Worth noting: CNAS was co-founded by a board member of Booze Allen Hamilton and most of its funding comes from the coffers of the Pentagon's leading arms contractors. 

The gaming exercise apparently had the desired effect. Instead of encouraging diplomacy, the Congressional gamesters were inspired to call for additional $19 billion in Pentagon play-dough to buy more weapons and training to elevate “our military posture throughout the region.” 

This off-the-record exercise prompted Win Without War to ask: "Is it really a surprise that the key takeaway from a war-game run by a think tank funded by weapons contractors was more money for the Pentagon?" 

"The thing about war-games," WWW observed, "is that they turn war into a game—pushing participants to think of conflict as something to be won, rather than a harm to be averted." 
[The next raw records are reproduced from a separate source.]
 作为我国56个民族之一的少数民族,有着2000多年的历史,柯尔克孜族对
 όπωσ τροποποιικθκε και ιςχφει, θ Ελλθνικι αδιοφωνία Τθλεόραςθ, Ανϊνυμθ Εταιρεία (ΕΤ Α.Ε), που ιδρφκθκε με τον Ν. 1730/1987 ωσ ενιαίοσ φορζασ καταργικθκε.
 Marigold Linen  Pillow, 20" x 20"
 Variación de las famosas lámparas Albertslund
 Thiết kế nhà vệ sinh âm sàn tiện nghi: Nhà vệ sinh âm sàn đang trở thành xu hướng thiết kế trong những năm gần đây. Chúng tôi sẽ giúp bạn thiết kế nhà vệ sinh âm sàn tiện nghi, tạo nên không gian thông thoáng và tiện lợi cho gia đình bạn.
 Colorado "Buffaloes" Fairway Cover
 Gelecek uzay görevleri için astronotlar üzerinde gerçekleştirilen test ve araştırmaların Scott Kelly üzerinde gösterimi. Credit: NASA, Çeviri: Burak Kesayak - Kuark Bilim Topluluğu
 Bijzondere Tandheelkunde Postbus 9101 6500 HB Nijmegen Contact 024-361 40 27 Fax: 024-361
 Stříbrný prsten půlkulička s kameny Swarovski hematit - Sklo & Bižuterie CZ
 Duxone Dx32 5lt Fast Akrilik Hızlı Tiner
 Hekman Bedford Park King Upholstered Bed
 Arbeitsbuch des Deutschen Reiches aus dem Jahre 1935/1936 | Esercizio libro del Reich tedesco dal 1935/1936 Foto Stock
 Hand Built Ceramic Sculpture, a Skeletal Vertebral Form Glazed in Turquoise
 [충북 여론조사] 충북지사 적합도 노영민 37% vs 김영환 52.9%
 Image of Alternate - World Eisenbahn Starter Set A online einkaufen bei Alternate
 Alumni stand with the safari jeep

If you want to protest the fiction that launching wars is all "funds and games," WWW has a petition for that. Tell Congress: Cut the Pentagon budget and invest in diplomacy and development to build real security. 

Australian Press Gives Biden a Down-Under Roasting
James Morrow, Rita Panahi and the crew at Sky News Australia have been getting a laugh (several, actually) at the expense of our octogenarian leader. The Sky News team regularly airs collections of Biden's flubs and brain-fog incoherence. Truly not Joe Biden's most coherent or cogent mutterings, these video clips capture a string of "senior moments" in which the Commander-in-Chief sounds more like a Commander-in-Cheese. While these clips are not widely aired by the US media, they are certainly being archived by the GOP for the 2024 presidential election. For a full menu of Biden's unforgettable forgettable moments, just do a Google search for "Sky News Joe Biden Gaffes." 

 

Joe Biden's AI-conjured Presidential Address
Beset by despair and depression I went online, looking for something cheery and distractive. Instead, I came across the following video—a daunting example of the insidious threat of manufactured reality. 

The video would be hysterically funny were it not so horrifically bleak. It has been viewed 225,000 times since it was posted on Feb 8, 2023 under the hashtag #funny #joebiden

Joe Biden's AI voice was conjured using ElevenLabs software to show Biden blundering through a State of the Union speech address in stream-of-conscious mode. On second thought, make that creek-of-conscious mode. In a frightening demonstration of how AI can skew—and screw with—history, this media-stunt shows us Marjorie Taylor Greene shouting compliments at the president who responds by inviting her out on a date! 

In a surrealistic note, this "satirical" creation, meant to embarrass Biden, is now preceded by a paid political ad for Biden's real-life presidential reelection campaign.